Want to Apply for NJ’s Sandy Mortgage Relief Program? Deadline is Wednesday
Owners of houses damaged by Superstorm Sandy still struggling to juggle a mortgage and rent while their homes are repaired have a chance to delay their bank payments for more than two years. But they must act quickly.
The state Department of Community Affairs is operating a mortgage forbearance program, as required under a law Gov. Chris Christie signed in February, but the application deadline is 5 p.m. Wednesday, May 31.
To date, 638 people have applied, and 334 have been approved for a mortgage forbearance certification, said Lisa Ryan, a spokeswoman for the state Department of Community Affairs.
One hundred sixty-six people have been deemed ineligible, and 98 withdrew their application, Ryan said.
Amanda Devecka-Rinear, director of the New Jersey Organizing Project, said she wishes more people had been approved and encouraged people to file before the deadline.
“We’ve definitely heard stories where people have had to try to apply multiple times before it finally made sense and they were able to get through. So if there were a time to give it another try, it would be between now and 5 p.m. tomorrow,” Devecka-Rinear said Tuesday.
“There’s sort of an ongoing wariness and suspicion about trying to work with any state program,” Devecka-Rinear said. “I think there may be more people who are thinking of applying but understandably wary to get into another sort of struggle with records and paperwork.”
“I’m not going to lie to you: In some cases it seems to have gone really smoothly, and in other cases it has been a bit of an effort for people,” she said. “But at the end of the day, if you still need funds to finish your project or if you’re having a hard time keeping up on your mortgage or behind on your mortgage, it’s something you can try.”
To qualify, a homeowner must have an outstanding mortgage on a Sandy-impacted home, have construction or elevation work still being done on that primary residence and qualify as a Sandy-impacted homeowner by receiving funds through the state’s federally funded rebuilding programs, RREM and LMI, or rental assistance from the Federal Emergency Management Agency.

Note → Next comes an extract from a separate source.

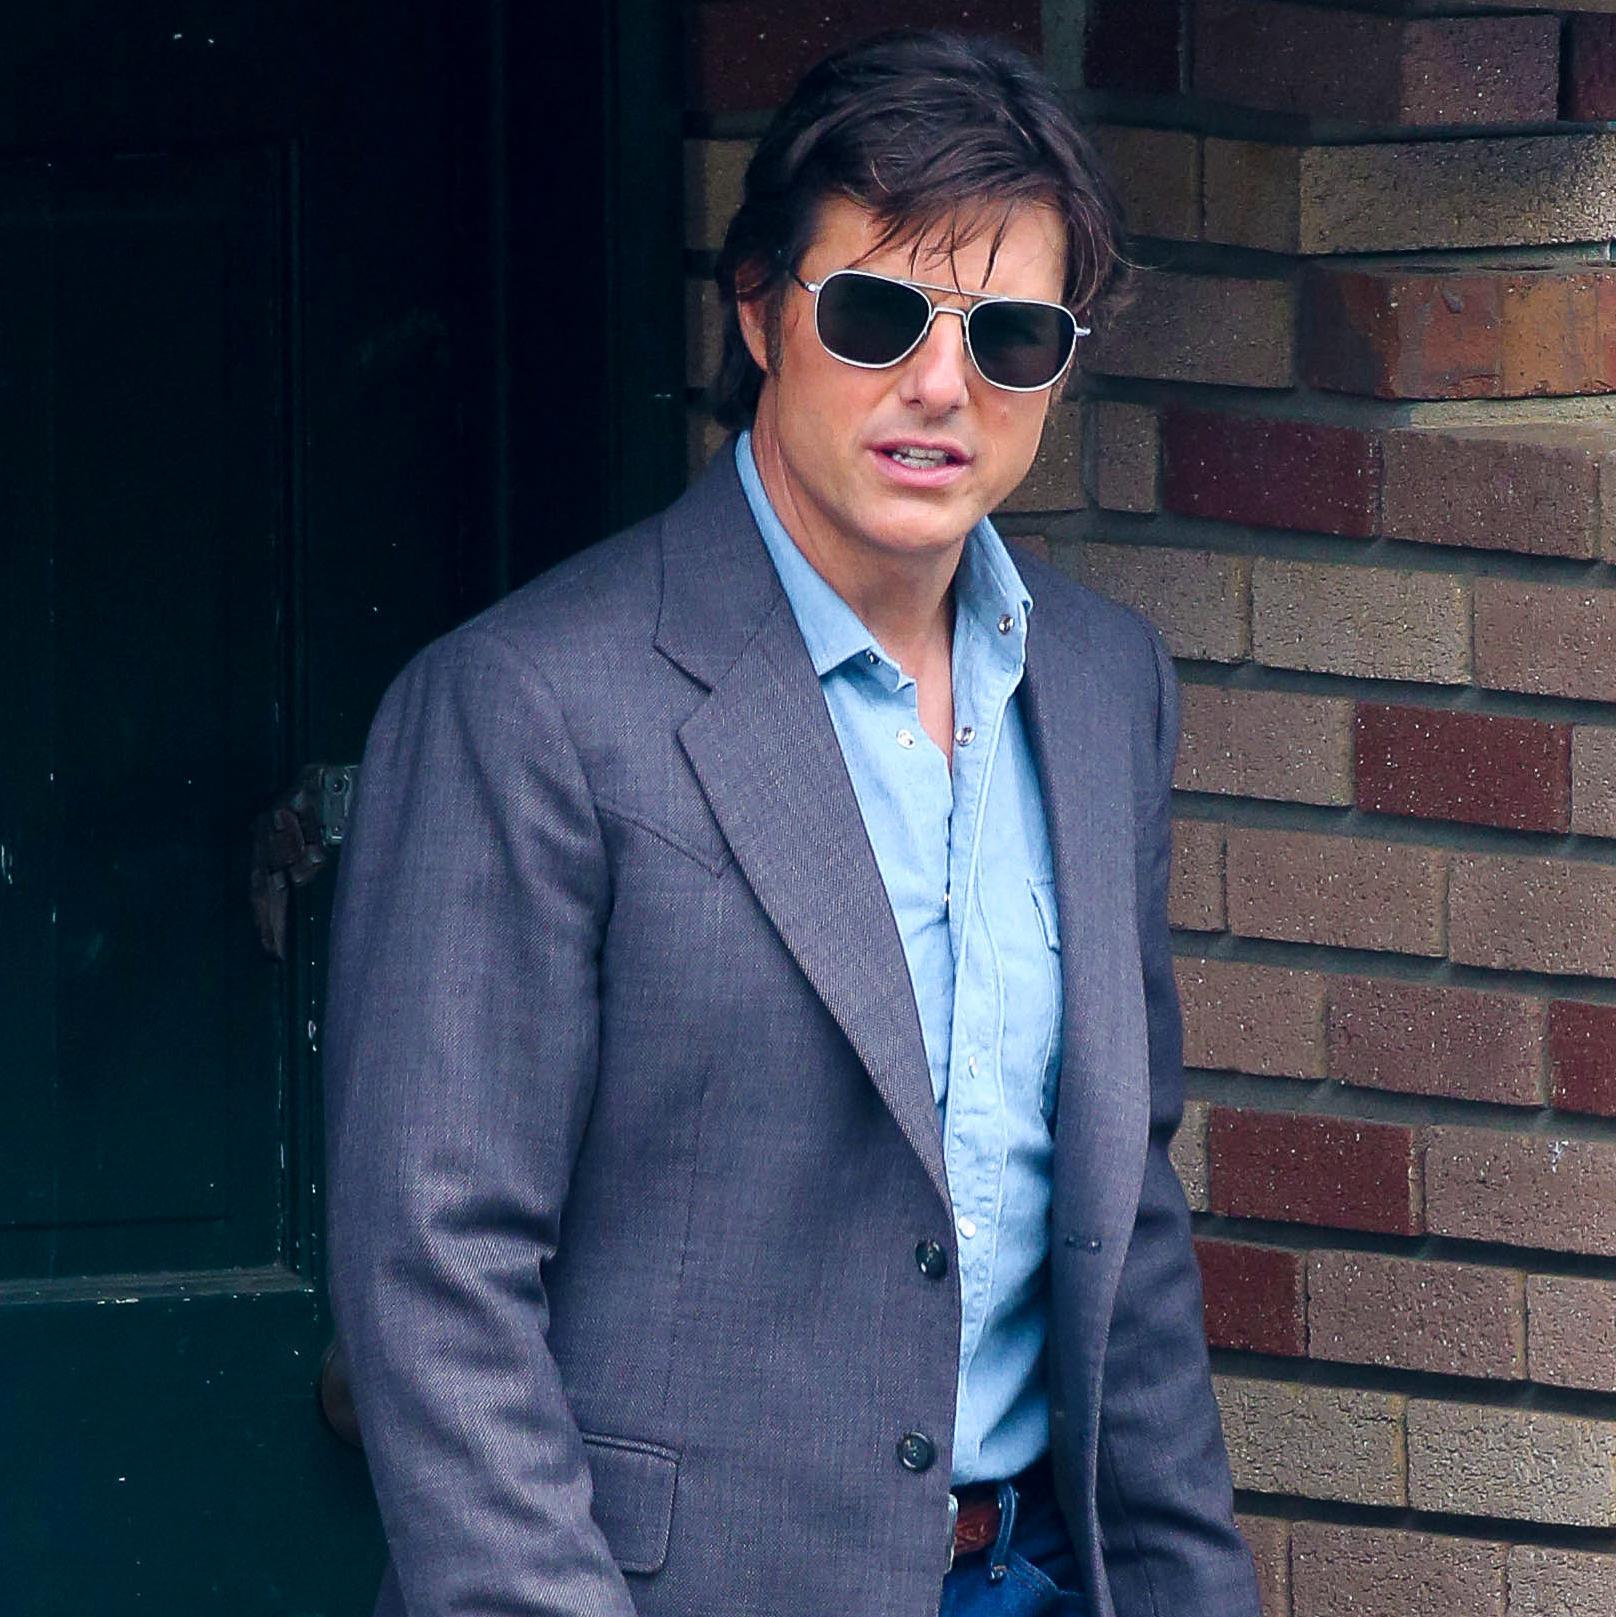 nouvelle nike air max 95 - Tom Cruise - Sa bio et toutes ses news people - Elle

A forbearance suspends the payments but doesn’t reduce the amount of the mortgage. Certified homeowners can arrange for mortgage payments to be delayed until as long as July 2019. They must continue paying property taxes and insurance during the forbearance period.
The state mailed notification to approximately 30,000 Sandy-impacted homeowners who may be eligible, as well as around 1,500 lenders.
Devecka-Rinear said she wishes the state had informed people in those letters that if they’re already midway through foreclosure proceedings, they can ask the courts for a stay under the new law.
“You probably have been asking and trying to get out of the foreclosure there. Let them know about the law and see if that and the forbearance are good cause to help you get a break and hold onto your house, so you don’t have to lose the house you fought so hard to get back to,” she said.
Devecka-Rinear said the challenge under the new law has been the banks, not the state DCA. She encouraged any Sandy-impacted homeowners having trouble getting their banks to cooperate to reach out to her organization, which wants to study if there’s a pattern to it.
“People are having a hard time getting through at their bank to someone who knows what’s happening,” she said. “They’ll get the runaround from the first three or four people, and then finally someone will call them who’s like, ‘Yes, we understand this is the law. And yes, we’re going to comply with the law.”